Oral contraceptives have been shown to increase both the relative and attributable risks of cerebrovascular events (thrombotic and hemorrhagic strokes), although, in general, the risk is greatest among older (>35 years), hypertensive women who also smoke. Hypertension was found to be a risk factor for both users and non-users, for both types of strokes, while smoking interacted to increase the risk for hemorrhagic stroke (27-29).
In a large study, the relative risk of thrombotic strokes has been shown to range from 3 for normotensive users to 14 for users with severe hypertension (30). The relative risk of hemorrhagic stroke is reported to be 1.2 for non-smokers who used oral contraceptives, 2.6 for smokers who did not use oral contraceptives, 7.6 for smokers who used oral contraceptives, 1.8 for normotensive users and 25.7 for users with severe hypertension (30). The attributable risk is also greater in older women (3). Oral contraceptives also increase the risk for stroke in women with other underlying risk factors such as certain inherited or acquired thrombophilias, hyperlipidemias, and obesity. Women with migraine (particularly migraine with aura) who take combination oral contraceptives may be at an increased risk of stroke.
A positive association has been observed between the amount of estrogen and progestogen in oral contraceptives and the risk of vascular disease (31-33). A decline in serum high-density lipoproteins (HDL) has been reported with many progestational agents (14-16). A decline in serum high-density lipoproteins has been associated with an increased incidence of ischemic heart disease. Because estrogens increase HDL cholesterol, the net effect of an oral contraceptive depends on a balance achieved between doses of estrogen and progestogen and the nature and absolute amount of progestogens used in the contraceptives. The amount of both hormones should be considered in the choice of an oral contraceptive.
Minimizing exposure to estrogen and progestogen is in keeping with good principles of therapeutics. For any particular estrogen/progestogen combination, the dosage regimen prescribed should be one which contains the least amount of estrogen and progestogen that is compatible with a low failure rate and the needs of the individual patient. New acceptors of oral contraceptive agents should be started on preparations containing the lowest hormone content that provides satisfactory results in the individual.
There are two studies which have shown persistence of vascular disease for ever-users of oral contraceptives. In a study in the United States, the risk of developing myocardial infarction after discontinuing oral contraceptives persists for at least 9 years for women 40-49 years old who had used oral contraceptives for five or more years, but this increased risk was not demonstrated in other age groups (8). In another study in Great Britain, the risk of developing cerebrovascular disease persisted for at least 6 years after discontinuation of oral contraceptives, although excess risk was very small (34). However, both studies were performed with oral contraceptive formulations containing 50 micrograms or more of estrogens.
One study gathered data from a variety of sources which have estimated the mortality rate associated with different methods of contraception at different ages (Table IV). These estimates include the combined risk of death associated with contraceptive methods plus the risk attributable to pregnancy in the event of method failure. Each method of contraception has its specific benefits and risks. The study concluded that with the exception of oral contraceptive users 35 and older who smoke and 40 and older who do not smoke, mortality associated with all methods of birth control is low and below that associated with childbirth.
The observation of a possible increase in risk of mortality with age for oral contraceptive users is based on data gathered in the 1970’s - but not reported until 1983 (35).
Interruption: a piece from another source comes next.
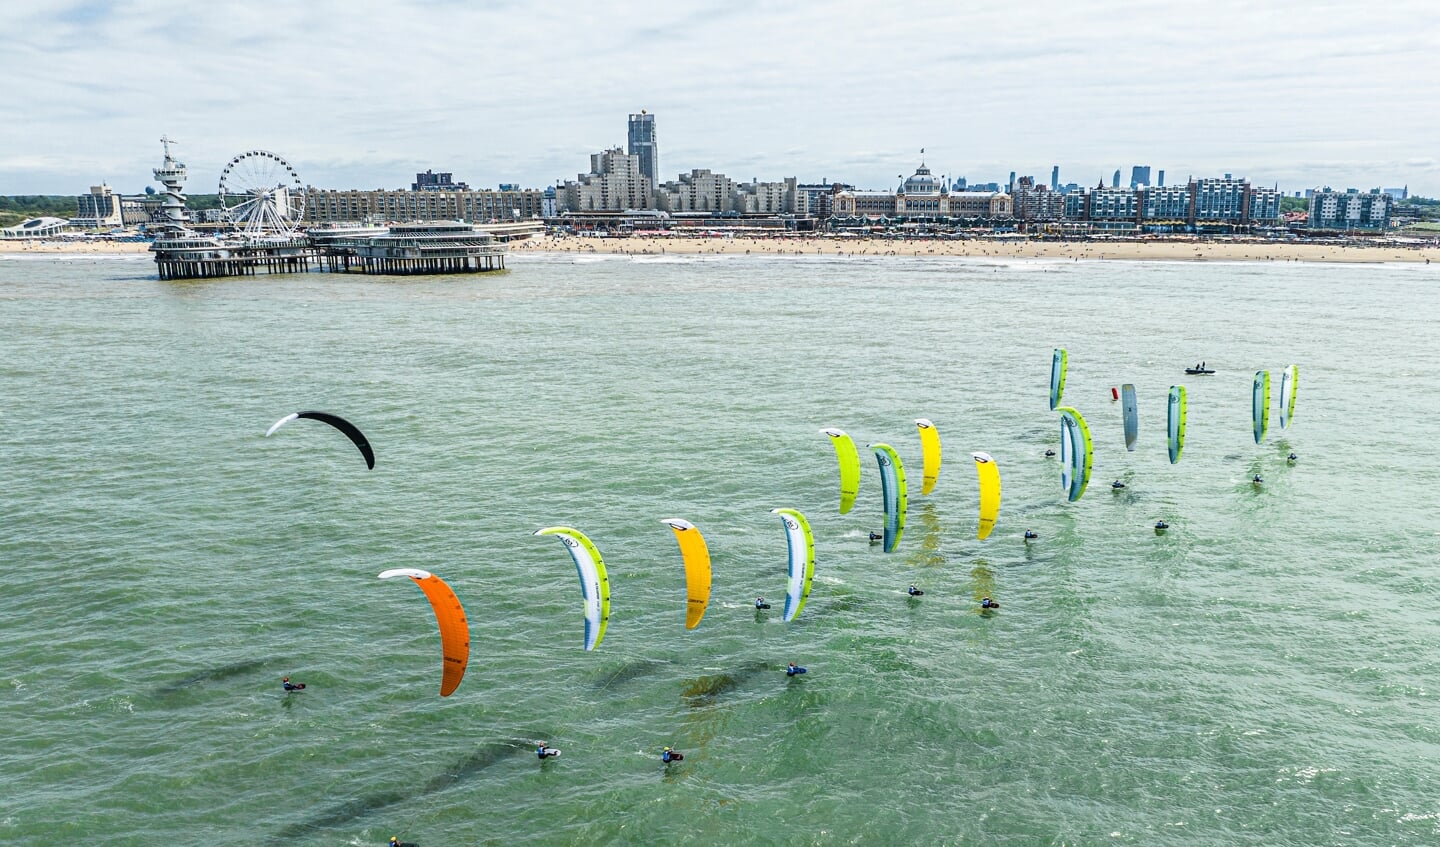 Foiling kites voor de kust van Den Haag.

However, current clinical practice involves the use of lower estrogen formulations combined with careful restriction of oral contraceptive use to women who do not have the various risk factors listed in this labeling.
Because of these changes in practice and, also, because of some limited new data which suggest that the risk of cardiovascular disease with the use of oral contraceptives may now be less than previously observed (100,101), the Fertility and Maternal Health Drugs Advisory Committee was asked to review the topic in 1989. The Committee concluded that although cardiovascular disease risks may be increased with oral contraceptive use after age 40 in healthy non-smoking women (even with the newer low-dose formulations), there are also greater potential health risks associated with pregnancy in older women and with the alternative surgical and medical procedures which may be necessary if such women do not have access to effective and acceptable means of contraception.
Therefore, the Committee recommended that the benefits of low-dose oral contraceptive use by healthy non-smoking women over 40 may outweigh the possible risks. Of course, older women, as all women who take oral contraceptives, should take the lowest possible dose formulation that is effective and meets the individual patient needs.
| TABLE IV: ANNUAL NUMBER OF BIRTH-RELATED OR METHOD-RELATED DEATHS ASSOCIATED WITH CONTROL OF FERTILITY PER 100,000 NON-STERILE WOMEN, BY FERTILITY CONTROL METHOD ACCORDING TO AGE | ||||||
| Method of control and outcome | 15-19 | 20-24 | 25-29 | 30-34 | 35-39 | 40-44 |
| * Deaths are birth related | ||||||
| ** Deaths are method related | ||||||
| Adapted from H.W. Ory, ref. #35. | ||||||
| No fertility control methods * | 7.0 | 7.4 | 9.1 | 14.8 | 25.7 | 28.2 |
| Oral contraceptives non-smoker ** | 0.3 | 0.5 | 0.9 | 1.9 | 13.8 | 31.6 |
| Oral contraceptives smoker ** | 2.2 | 3.4 | 6.6 | 13.5 | 51.1 | 117.2 |
| IUD ** | 0.8 | 0.8 | 1.0 | 1.0 | 1.4 | 1.4 |
| Condom * | 1.1 | 1.6 | 0.7 | 0.2 | 0.3 | 0.4 |
| Diaphram/spermicide * | 1.9 | 1.2 | 1.2 | 1.3 | 2.2 | 2.8 |
| Periodic abstinence * | 2.5 | 1.6 | 1.6 | 1.7 | 2.9 | 3.6 |
Numerous epidemiologic studies have been performed on the incidence of breast, endometrial, ovarian, and cervical cancer in women using oral contraceptives. Although the risk of breast cancer may be slightly increased among current users of oral contraceptives (RR = 1.24), this excess risk decreases over time after oral contraceptive discontinuation and by 10 years after cessation the increased risk disappears. The risk does not increase with duration of use, and no relationships have been found with dose or type of steroid. The patterns of risk are also similar regardless of a woman's reproductive history or her family breast cancer history. The subgroup for whom risk has been found to be significantly elevated is women who first used oral contraceptives before age 20, but because breast cancer is so rare at these young ages, the number of cases attributable to this early oral contraceptive use is extremely small. Breast cancers diagnosed in current or previous oral contraceptive users tend to be less advanced clinically than in neverusers. Women who currently have or have had breast cancer should not use oral contraceptives because breast cancer is a hormone-sensitive tumor.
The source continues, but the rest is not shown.